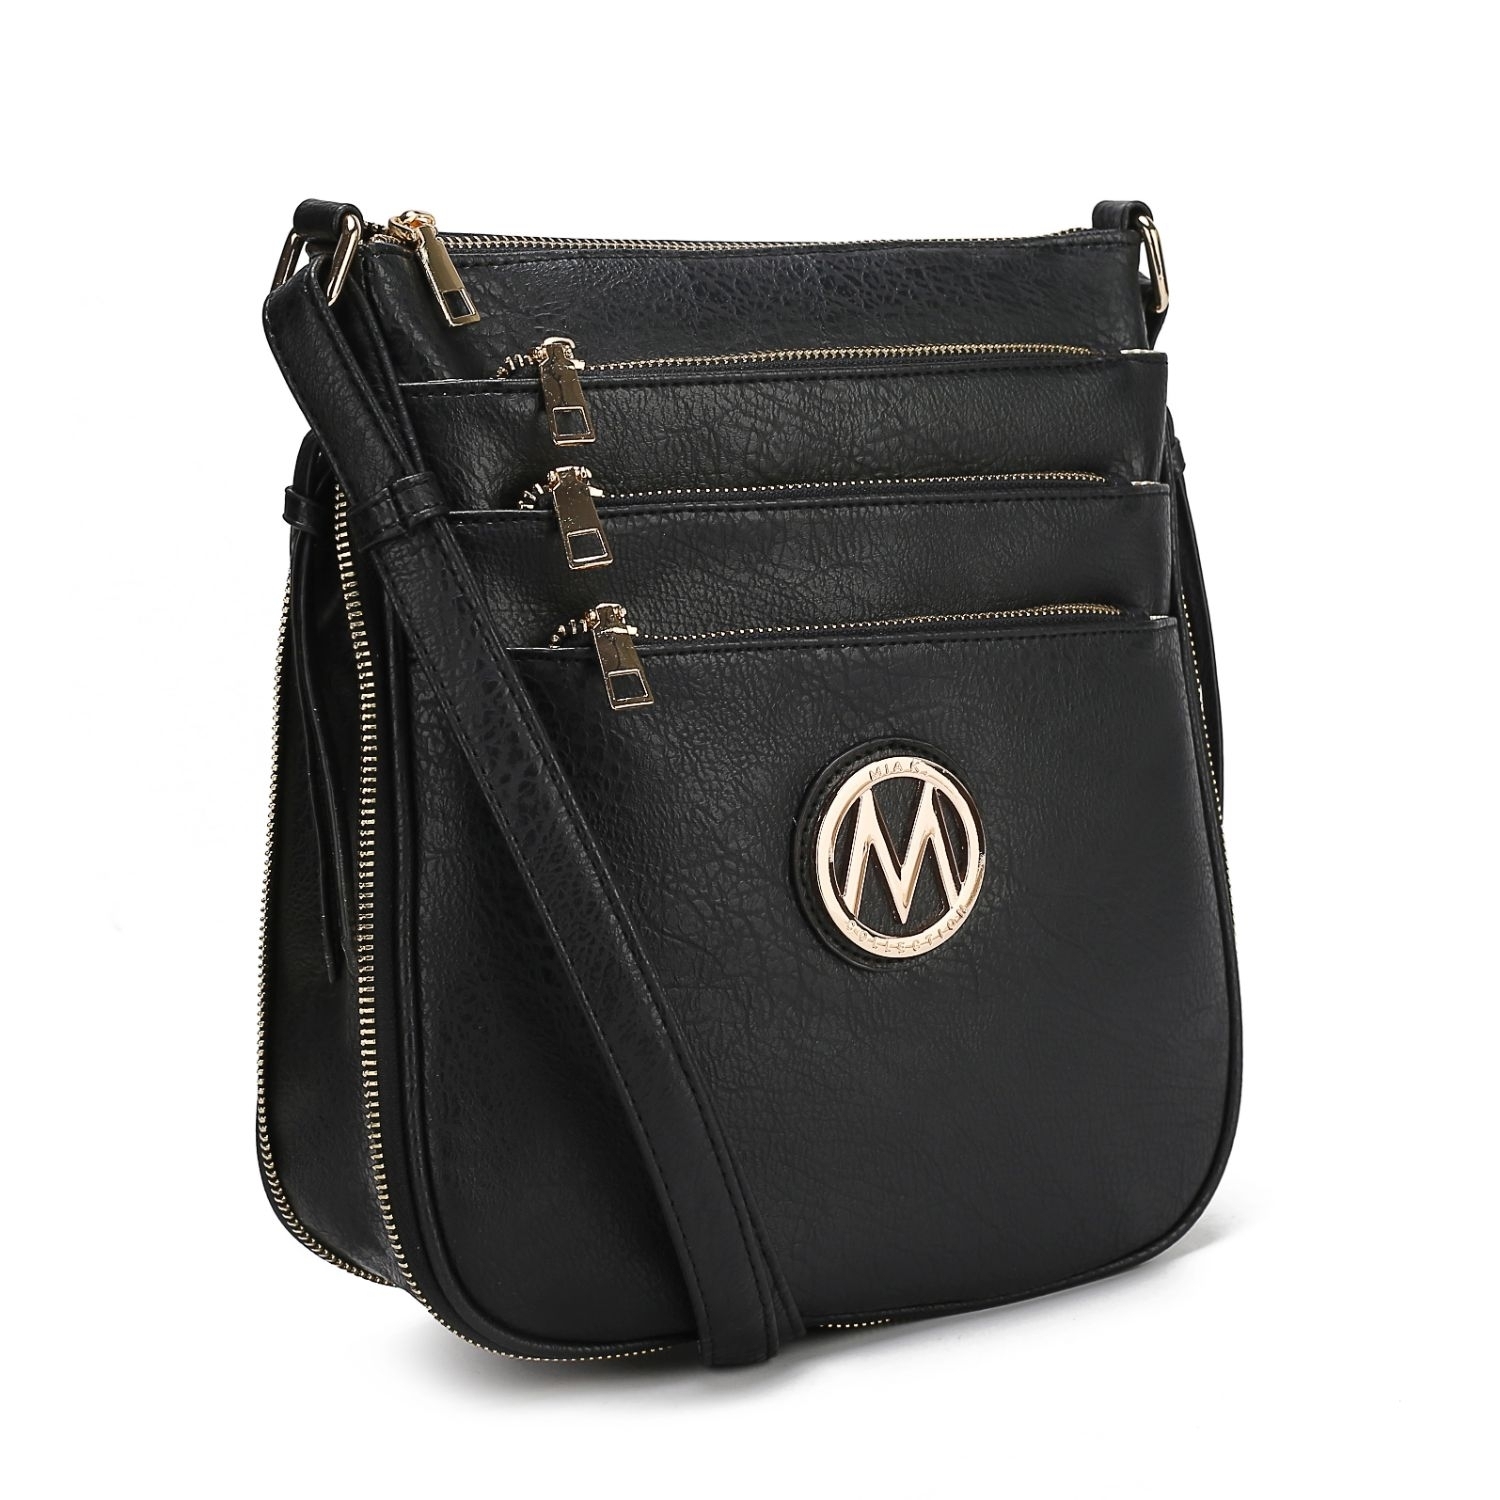 MKF Collection Salome Expandable Crossbody Handbag By Mia K. - Fuchsia
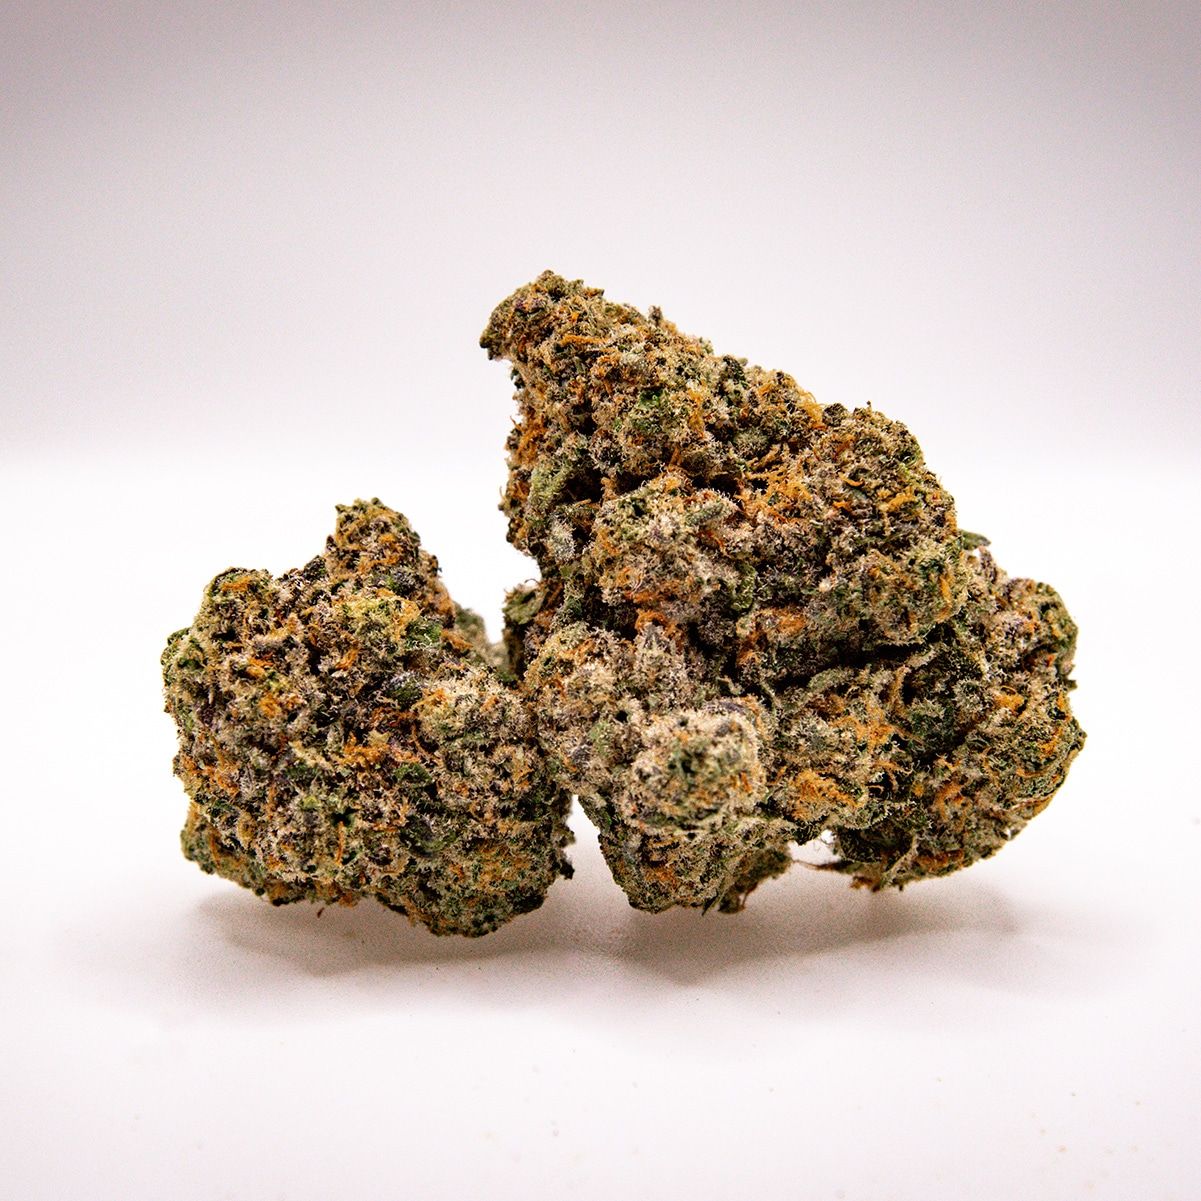 emerald kush cannabis flower
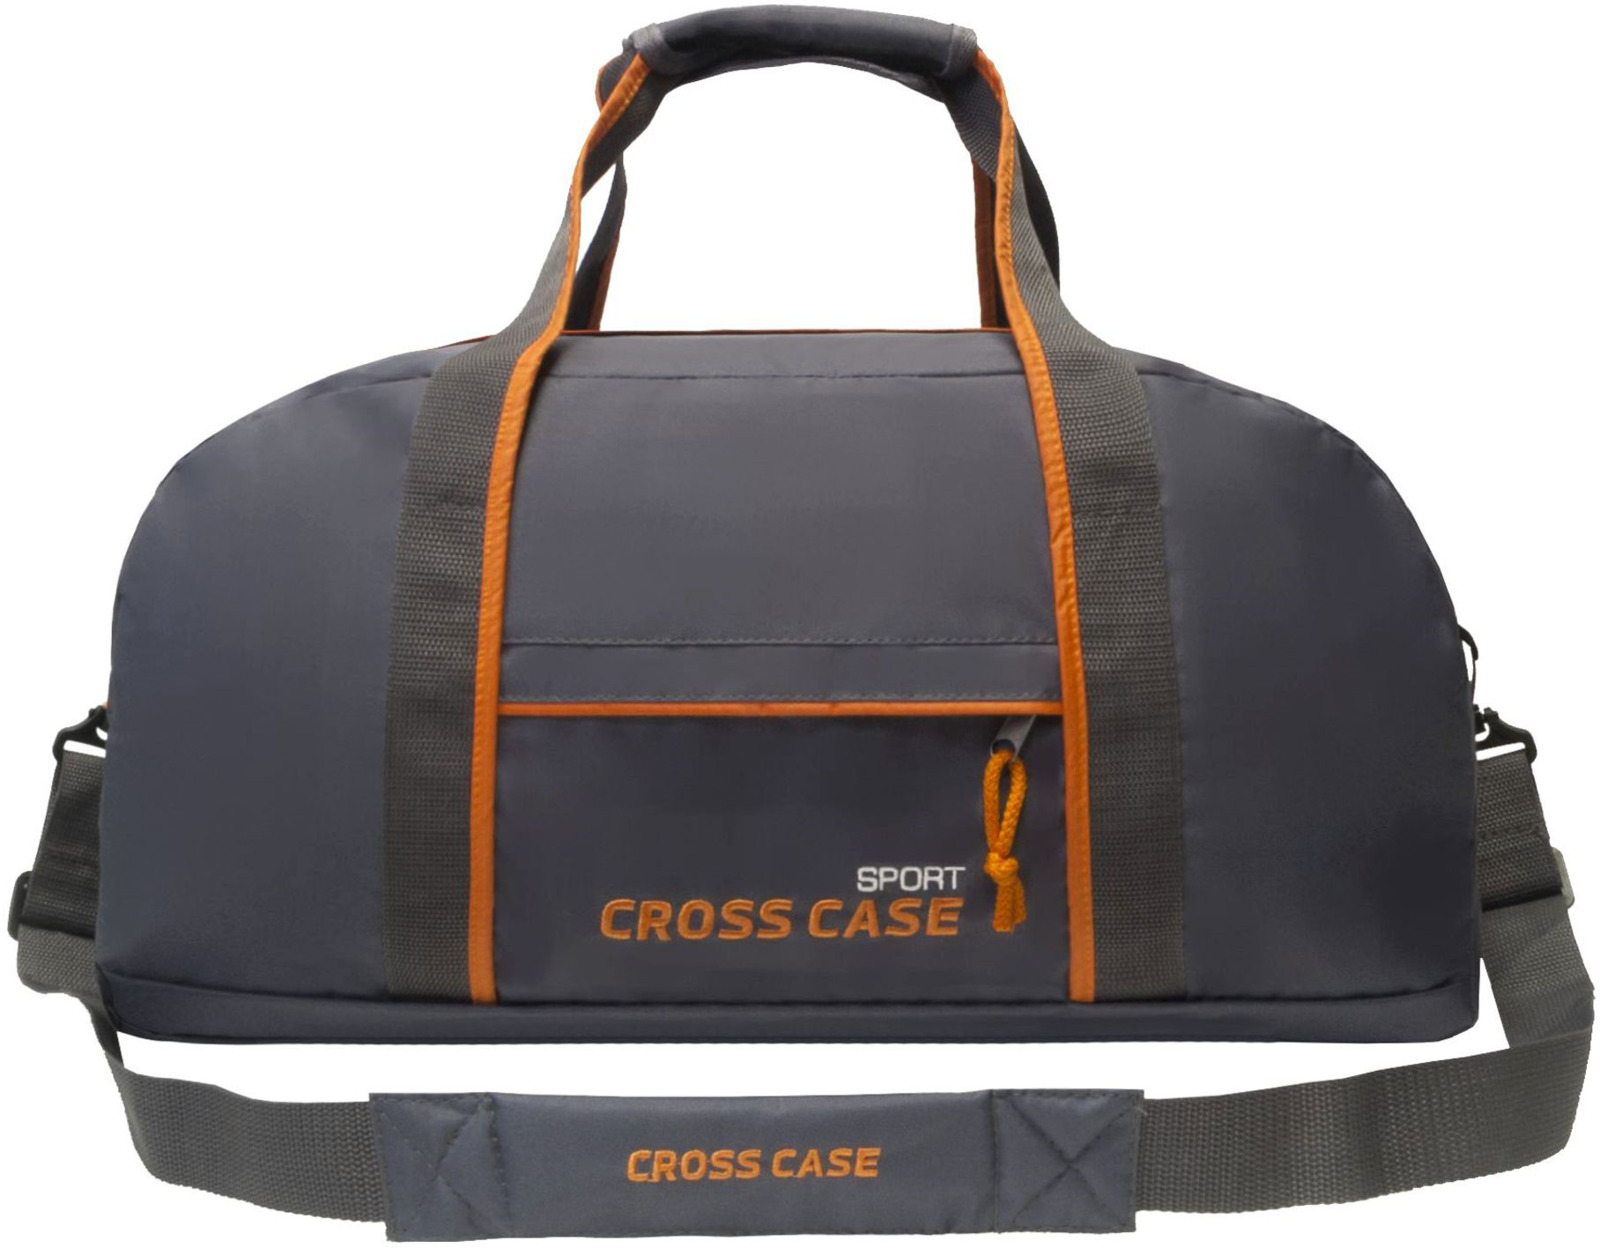 Сумка Cross Case, цвет: серый, оранжевый. CCS-1040-08
====
## PROBLEM TO SOLVE
Copy word for word every line from the one holding "emerald kush cannabis flower" to the end of the listing, both ends included, but do not copy any pictures.

## RESULT OF THE TASK
 emerald kush cannabis flower
 Сумка Cross Case, цвет: серый, оранжевый. CCS-1040-08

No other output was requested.